Elsevier

Neurocomputing

Volume 73, Issues 13–15, August 2010, Pages 2614-2623
Neurocomputing

VQSVM: A case study for incorporating prior domain knowledge into inductive machine learning

https://doi.org/10.1016/j.neucom.2010.05.007Get rights and content

Abstract

When dealing with real-world problems, there is considerable amount of prior domain knowledge that can provide insights on various aspect of the problem. On the other hand, many machine learning methods rely solely on the data sets for their learning phase and do not take into account any explicitly expressed domain knowledge. This paper proposes a framework that investigates and enables the incorporation of prior domain knowledge with respect to three key characteristics of inductive machine learning algorithms: consistency, generalization and convergence. The framework is used to review, classify and analyse key existing approaches to incorporating domain knowledge into inductive machine learning, as well as to consider the risks of doing so. The paper also demonstrates the design of a novel hierarchical semi-parametric machine learning method, capable of incorporating prior domain knowledge. The method—VQSVM—extends the support vector machine (SVM) family of methods with vector quantization (VQ) techniques to address the problem of learning from imbalanced data sets. The paper presents the results of testing the method on a collection of imbalanced data sets with various imbalance ratios and various numbers of subclasses. The learning process of the VQSVM method utilizes some domain knowledge to solve problem of fitting imbalance data. The experiments in the paper demonstrate that enabling the incorporation of prior domain knowledge into the SVM framework is an effective way to overcome the sensitivity of SVM towards the imbalance ratio in a data set.

Introduction

The Internet makes information access easier than ever before, creating strong demands for efficient and effective methods processing large amounts of data in both industry and scientific research communities. Despite the introduction of numerous new machine learning algorithms, there has been limited consideration of the mechanisms for utilization of domain knowledge to the benefit of machine learning. This paper is exploring this fundamental question in inductive machine learning, namely: How can a machine learning system represent and incorporate prior domain knowledge to facilitate the process of machine learning?

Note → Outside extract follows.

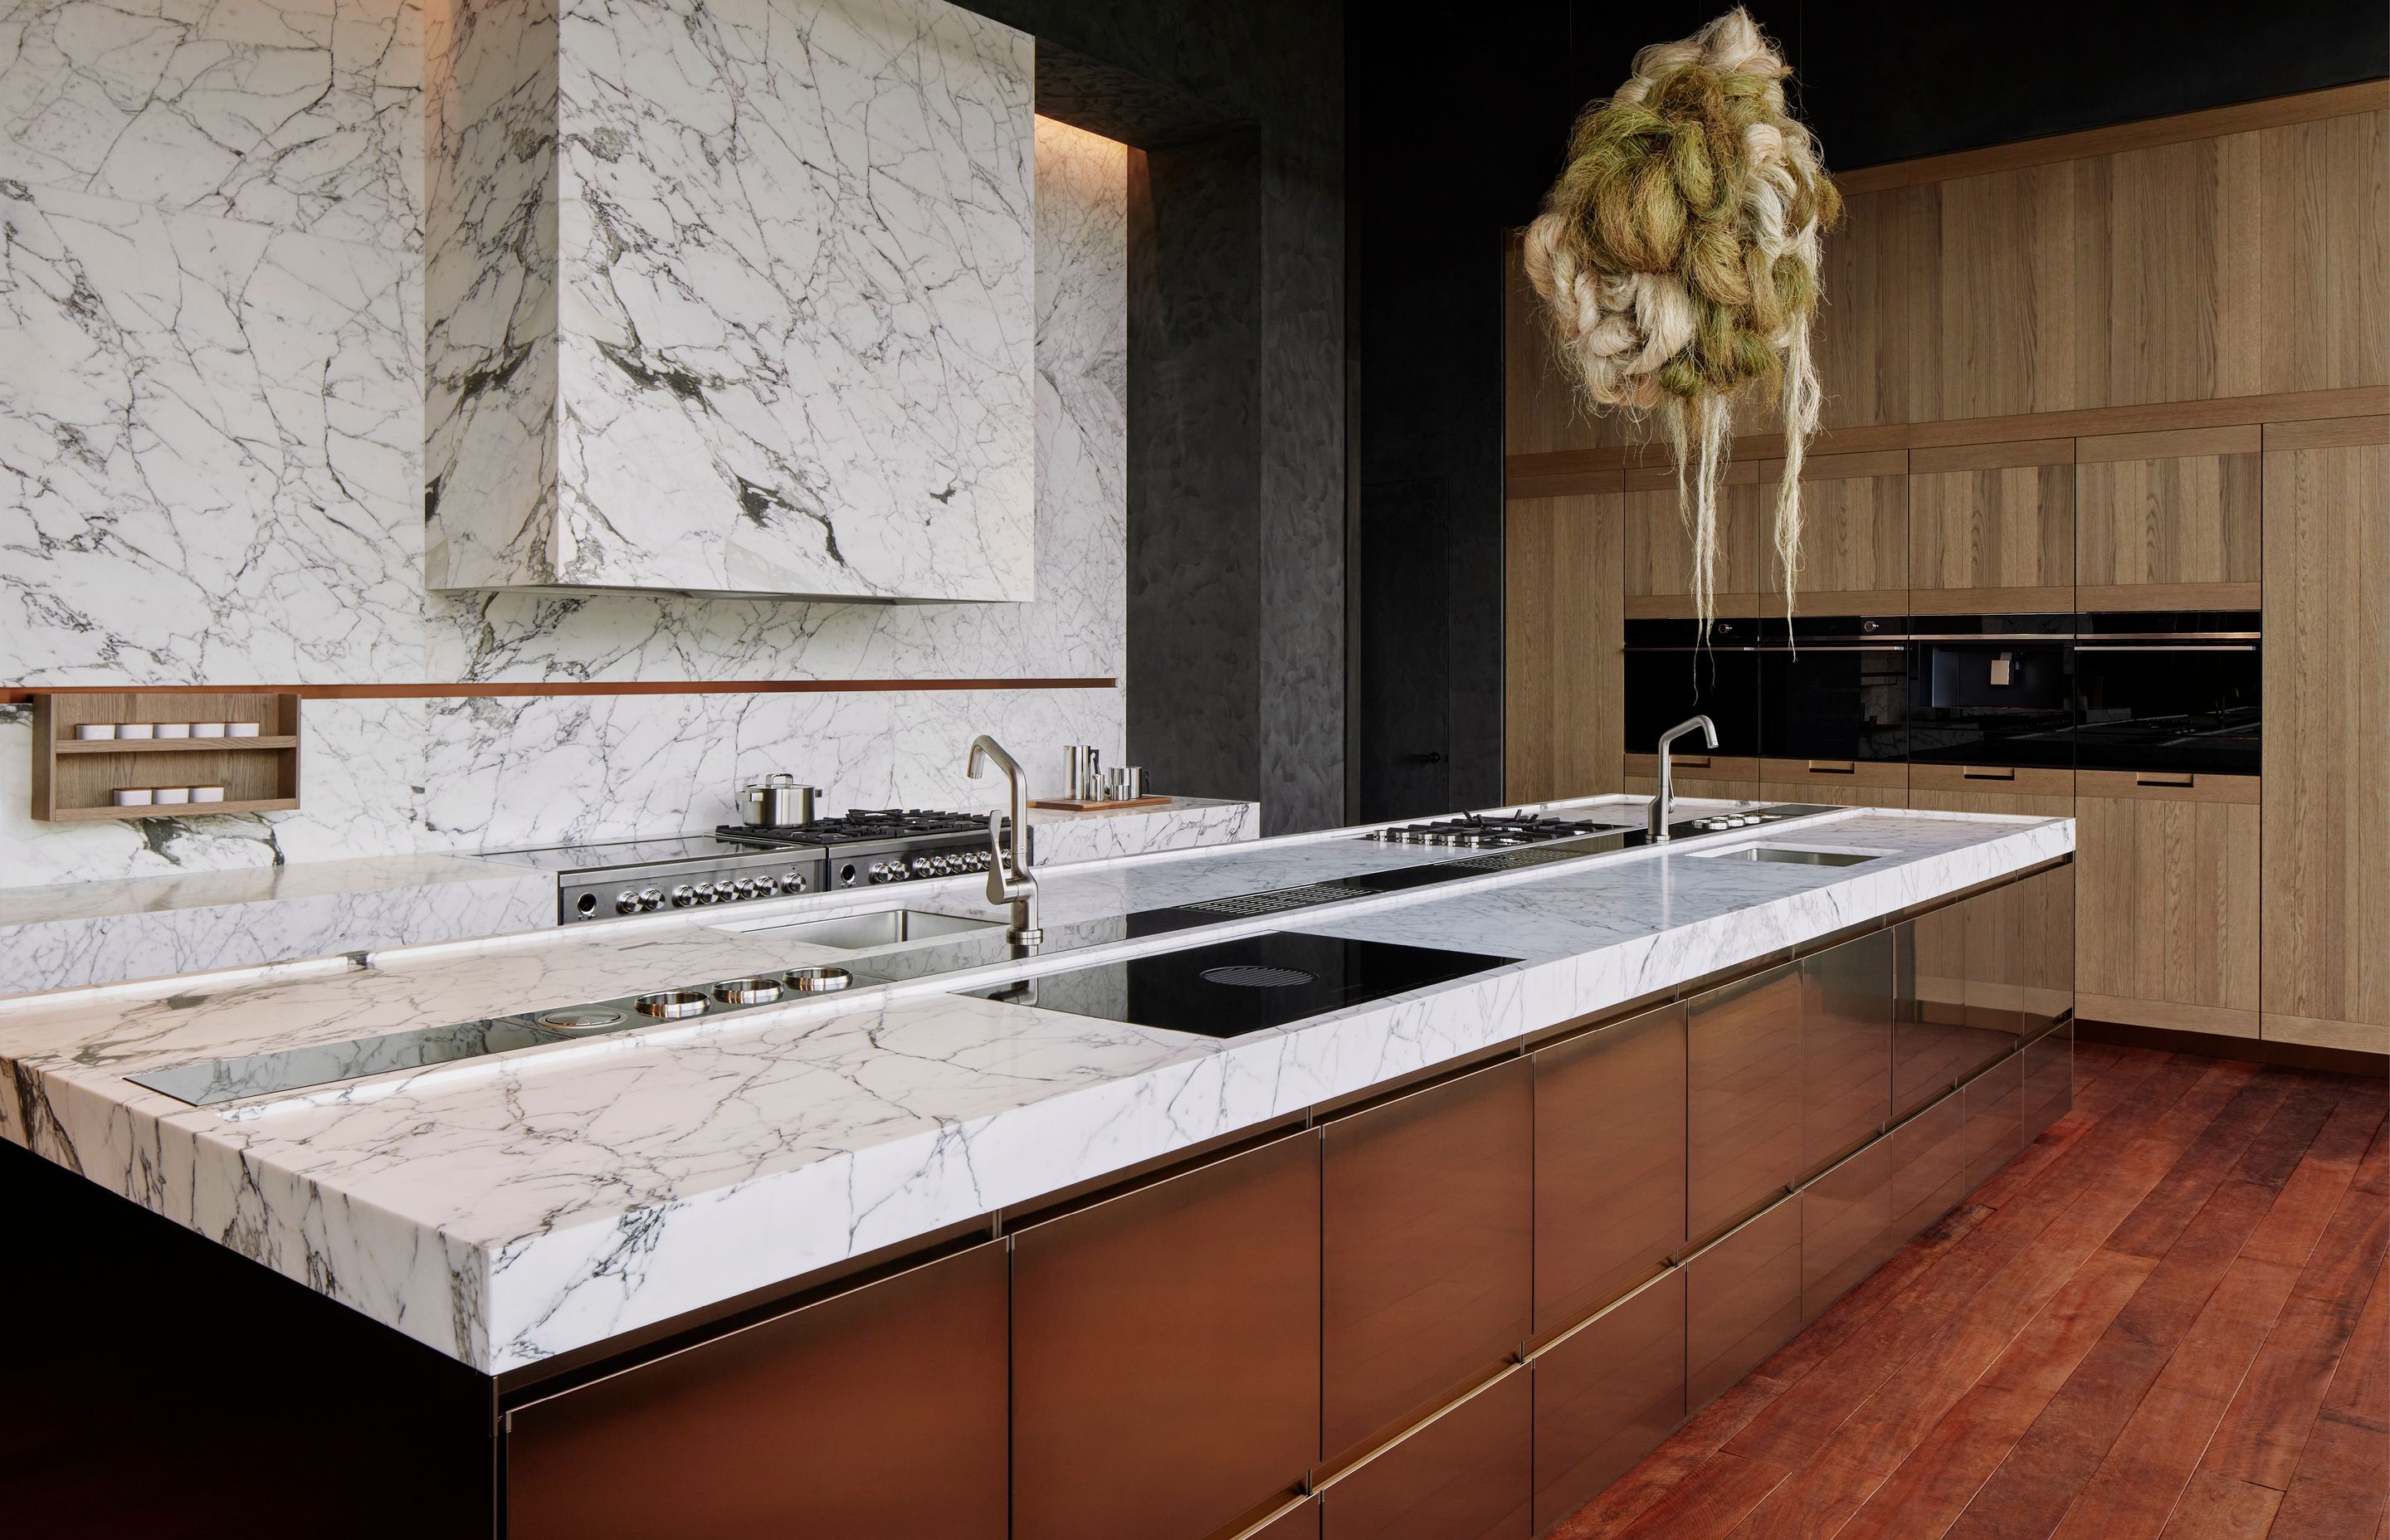 Oozing contemporary elegance, this luxury kitchen is one of multiple designed by international designers.

The vast majority of standard inductive learning algorithms are data driven; hence, they rely heavily on the sample data and ignore most of existing domain knowledge. There are several reasons why the majority of machine learning techniques ignore the domain knowledge.

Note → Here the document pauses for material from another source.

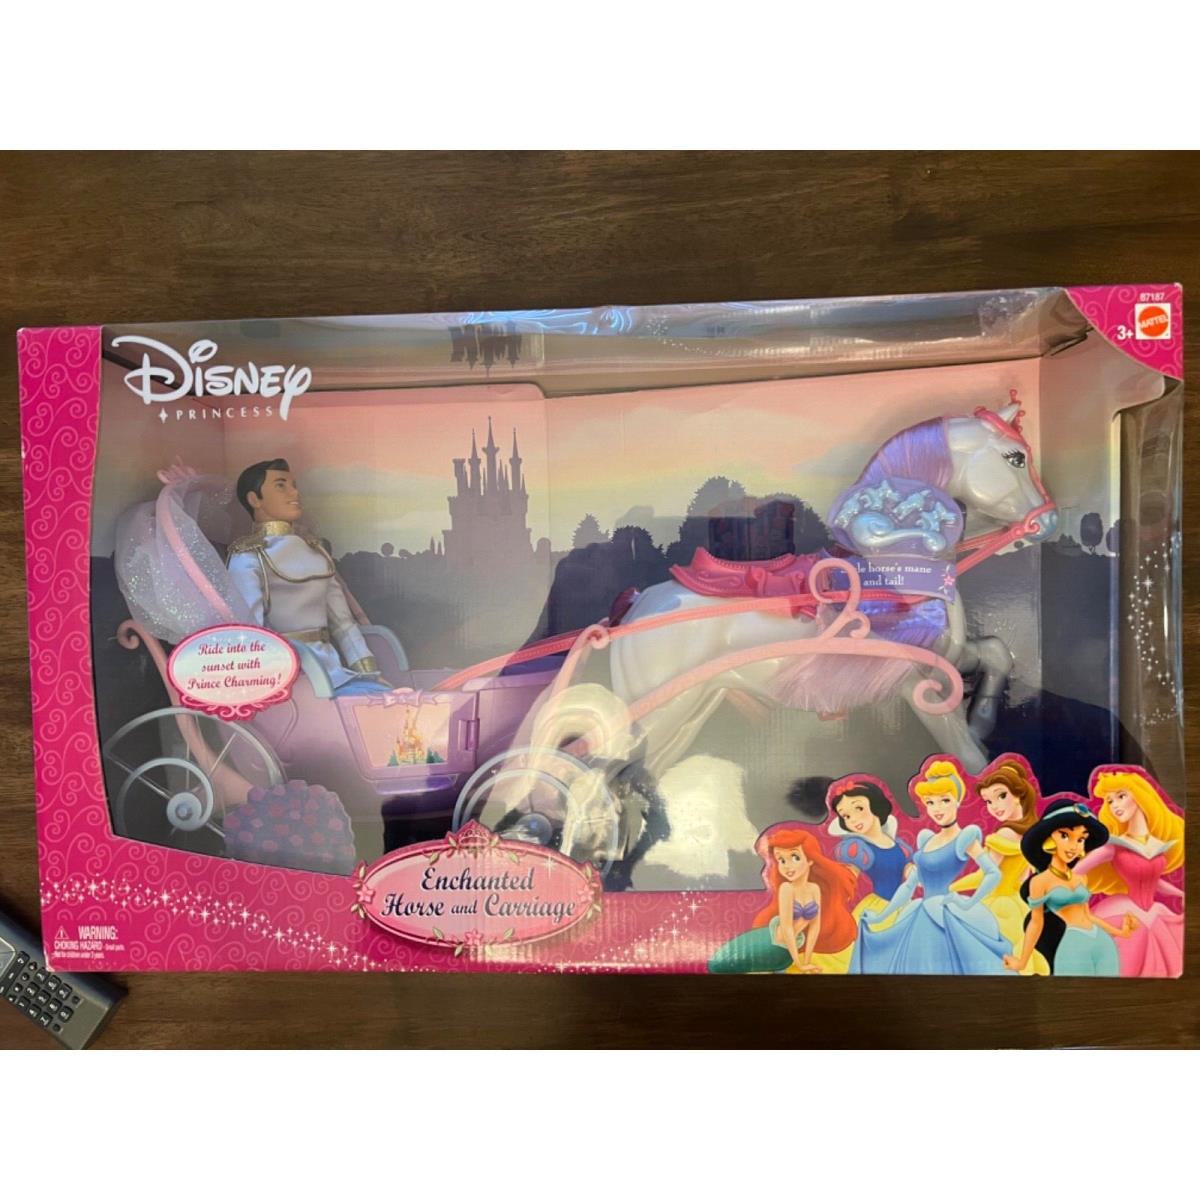 Disney Prince and Enchanted Horse and Carriage Set Barbie Mattel

Traditionally, researchers in machine learning have sought general-purpose learning algorithms rather than domain-oriented ones. On the other hand, domain experts often do not deeply understand complex machine learning algorithms. Hence, they can hardly incorporate their knowledge into the learning algorithms, even if the architecture of the learning system allows manual tuning of a set of control parameters.

When looking for general-purpose algorithms, researchers in machine learning often have limited understanding of the prior knowledge in the application domains they deal with (i.e. the prior knowledge about the phenomena that have generated the data sets used in their research). Even if they have intentions to consider such knowledge, representations of domain knowledge vary and the lack of a single universal (or standardized) format makes difficult to code these representations in computer systems.

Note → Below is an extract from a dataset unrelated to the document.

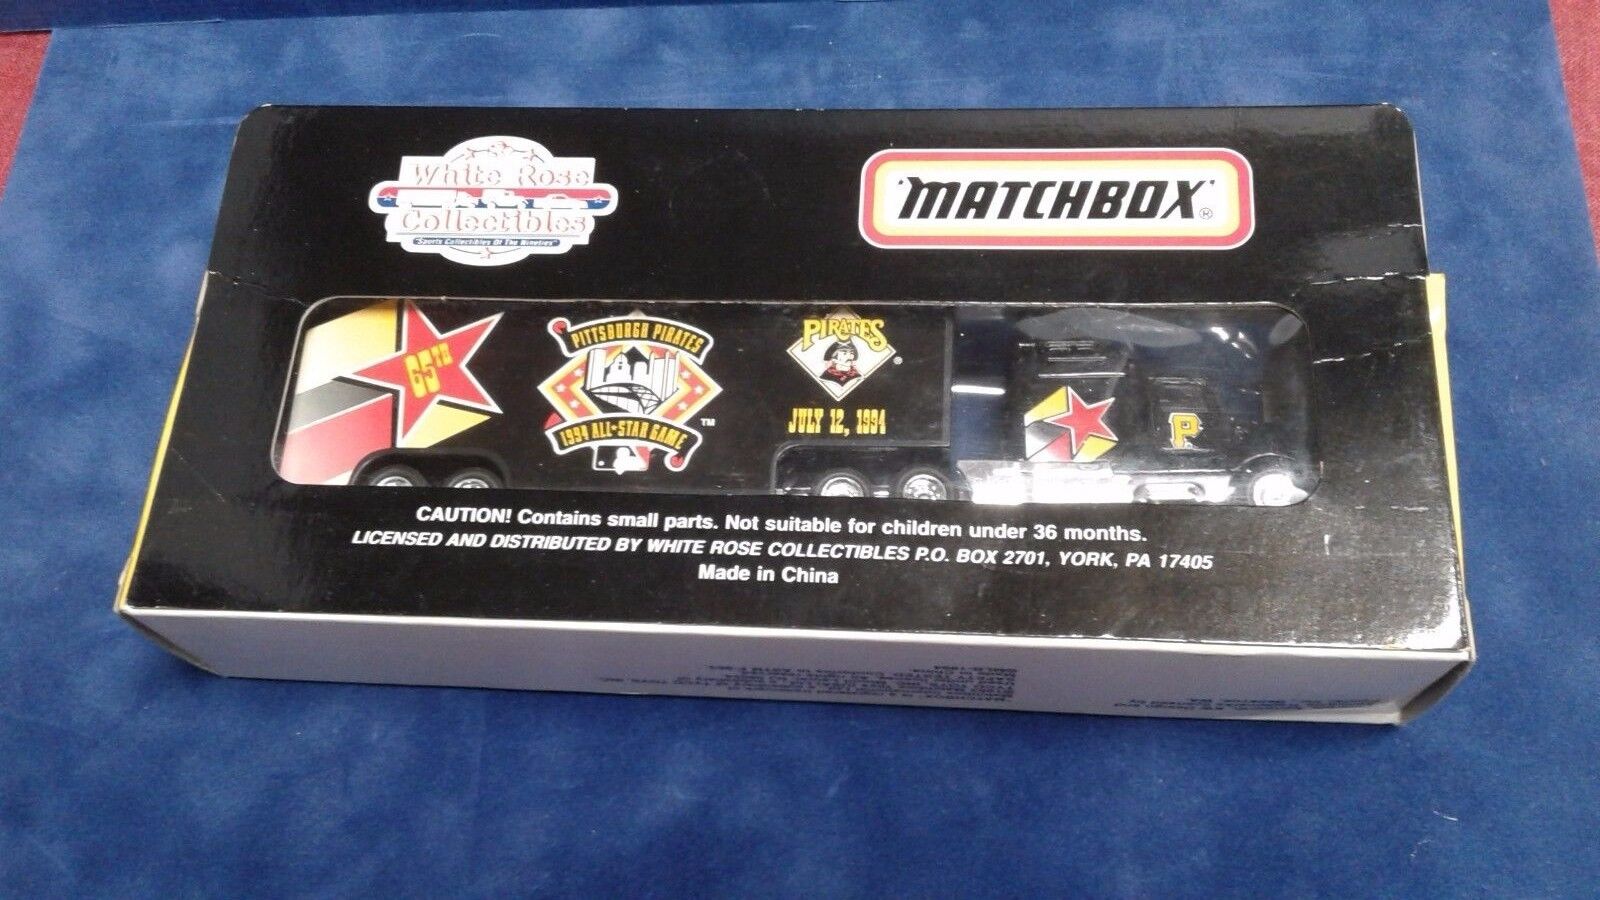 Matchbox- 1994 65th All Star Game Pittsburgh Pirates -Semi Tractor Trailer Truck

The ability of a machine learning algorithm to incorporate domain knowledge is particularly valuable when it is applied to real-world problems, where valuable prior domain knowledge is available. If successfully incorporated, such prior domain knowledge will improve both the quality of the result produced by the machine learning process and the efficiency of the learning process itself. Further the paper is organized as follows. Section 2 introduces respective basic concepts of inductive machine learning and prior domain knowledge, necessary for presenting proposed methods. Section 3 presents the principles of incorporating prior domain knowledge into inductive machine learning and the application of these principles to the analysis of existing methods of incorporating domain knowledge into inductive machine learning. Section 4 presents the design of a novel hierarchical semi-parametric machine learning method—VQSVM—capable of incorporating prior domain knowledge and the results of its tests over a collection of imbalanced data sets with various imbalance ratios and various numbers of subclasses.

Section snippets

Inductive machine learning and prior domain knowledge

For the purpose of this paper, the inductive machine learning problem is defined as follows: Given a training data set, e.g. input–output pairs (xi, yi), which are drawn independently according to a unknown distribution D from unknown function c(x), the so-called I.I.D. assumption, the task of the machine learning algorithm is to find a model (or hypothesis) f(x) within the given hypothesis space H to best approximate to the c(x), i.e. f(x)c(x) with respect to the given data set X×Y and f(x)H

Consistency, generalization and convergence with prior domain knowledge

Prior domain knowledge usefully enhances a machine learning algorithm in multiple aspects. The performance of a machine learning algorithm is generally determined by three key issues: consistency, generalization and convergence.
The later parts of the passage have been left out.